A LOW-INCOME Berkeley family are shocked they have to cover the cost of their son's bus fare to school, despite the local authority having closed the local secondary school.

Marie Sheridan and her partner Paul Smith are sending their 11-year-old son Kian to Katharine Lady Berkeley’s School, in Wotton-under-Edge this September.

It is one of the three secondary schools in their catchment area, as well as Dursley’s Rednock School and Dean Academy in Lydney.

They applied for assistance with home to school transport.

Following two letter appeals, the family attended an appeal at Gloucestershire County Council’s Shire Hall in Gloucester on Monday, July 29.

Despite arguing that they would struggle to afford the weekly £20 bus pass, their application was refused.

The county council's review of home to school transport provision in 2011 changed the rules so that free transport would only be provided to the closest school to home, in this case Rednock.
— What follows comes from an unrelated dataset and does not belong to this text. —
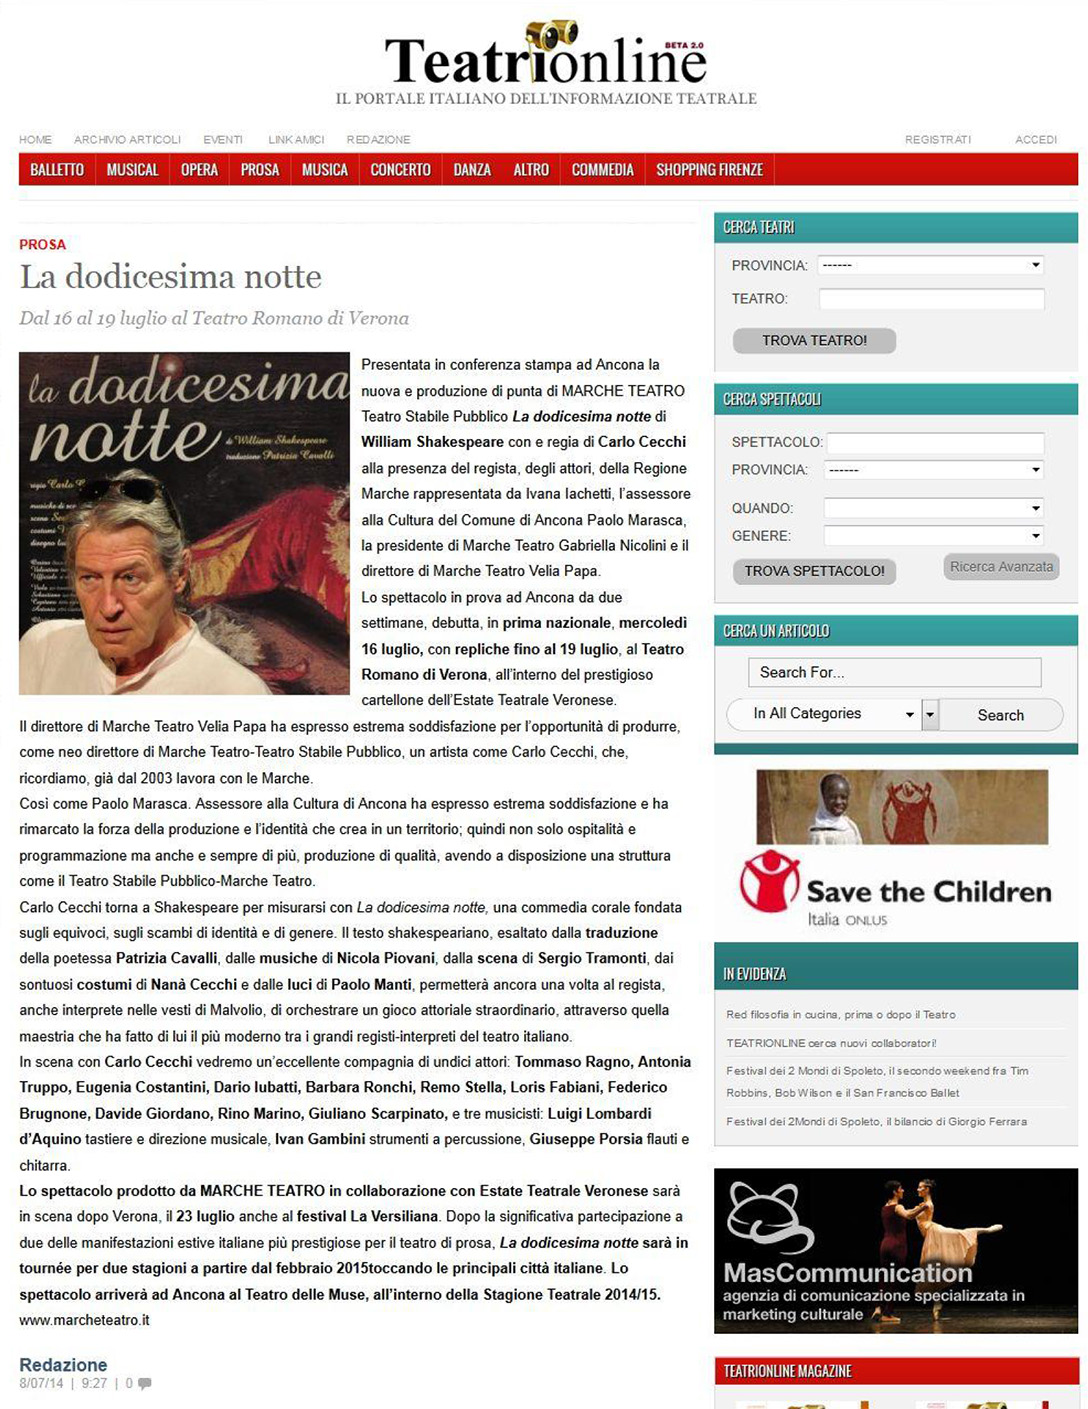 2014.07.08 La dodicesima notte - teatrionline.com

"If they are both our catchment schools I don’t understand why transport is free to Rednock and not to KLB," said Miss Sheridan, 36. "I don’t think you should have the choice taken away."
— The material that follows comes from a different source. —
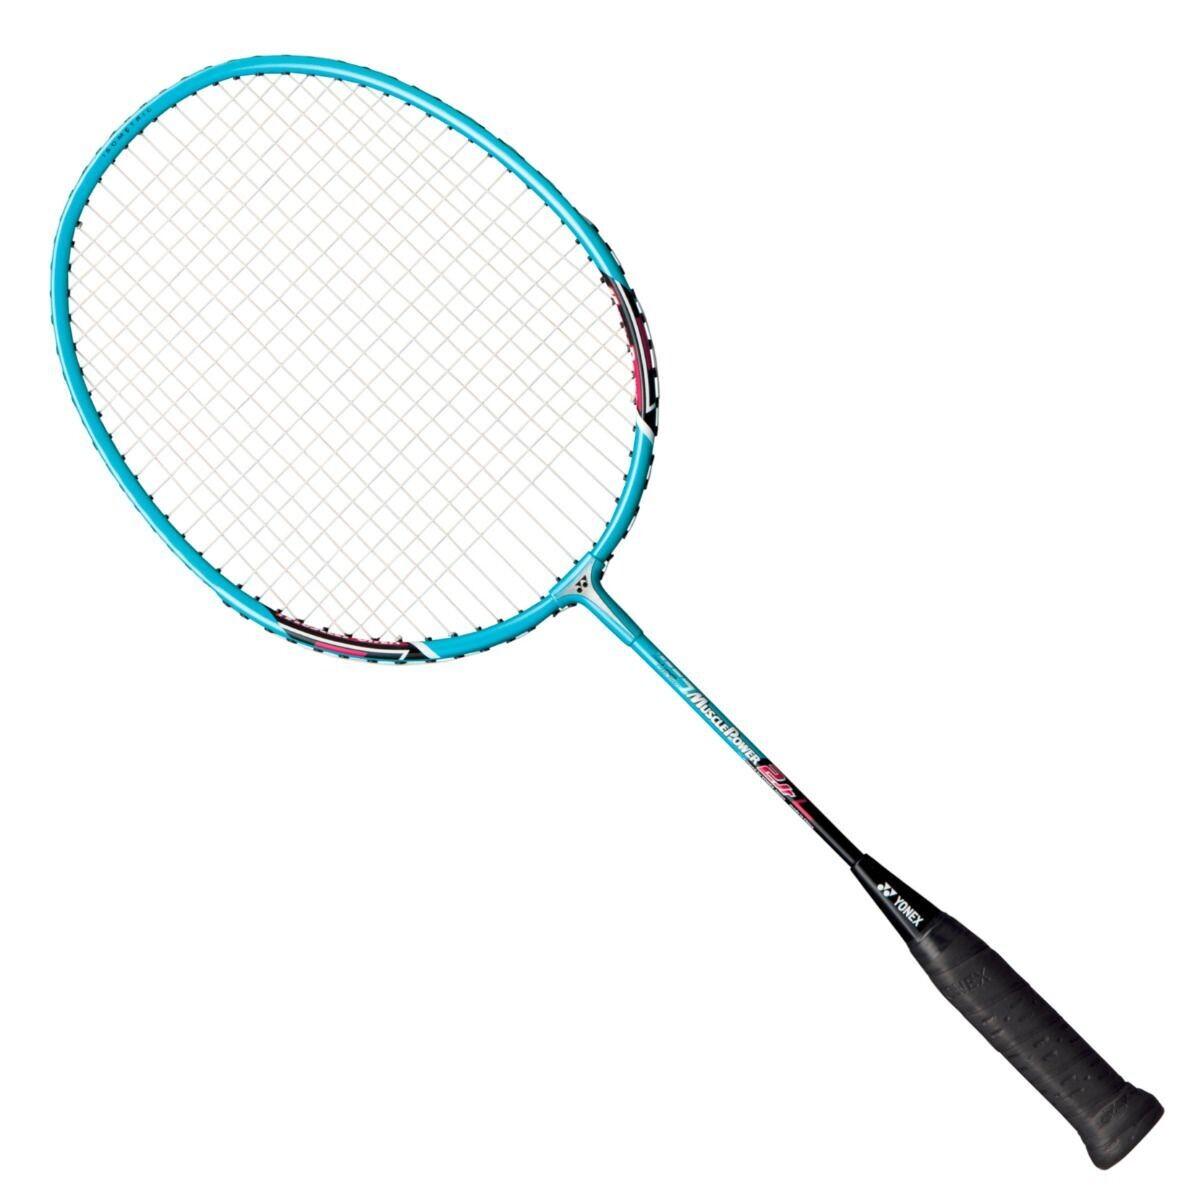 Yonex Muscle Power 2 Junior Badminton Racket - Blue

It costs £3 a day to get from Berkeley to Dursley on the bus and £3.60 to Wotton.

Miss Sheridan said they had even offered to pay the 60p price difference in the fare to Dursley and Wotton so the cost would be the same as if Kian was attending Rednock.

Self-employed window cleaner, Mr Smith, 42, said he was fuming with the decision.  

"We’re a low-income family," he said. "I just feel that it’s wrong."

It is now too late to change schools and the family are contemplating how they will afford the unexpected £700 a year.

"I’m going to have to manage," said Miss Sheridan. "I don’t have any other choice, but that is money that would have been spent on our food.

"We’ll have to cut back and even more so when Connor goes to school."

When Kian’s eight-year-old brother is old enough for secondary school the family will be paying £40 a week on transport to school.

Since the Vale of Berkeley College secondary school was closed by the local education authority in August 2011, all children in the area have had to travel once they graduate from the local primary schools.

Peter Holmes, head of extended learning for Gloucestershire County Council, said the council had to apply the government's rules consistently.

"It's government policy that free school transport is offered to families on low incomes attending a school between two and six miles away from their home," he said. "We are always keen to help families and make them aware of other support that might be available, such as free school meals."

Cllr Liz Ashton, Labour councillor for Berkeley Ward, said the news was shocking and parents shouldn’t be restricted where they send their children to school.

"It’s such an injustice," she said. "Many parents probably won’t be aware of it.

"The outrageous thing is they (GCC) closed the school, they put people in this position."

Miss Sheridan added: "Kian’s so looking forward to starting at KLB. He’s had his visits and he really enjoyed himself. It was his choice as well, not just ours, to go to KLB."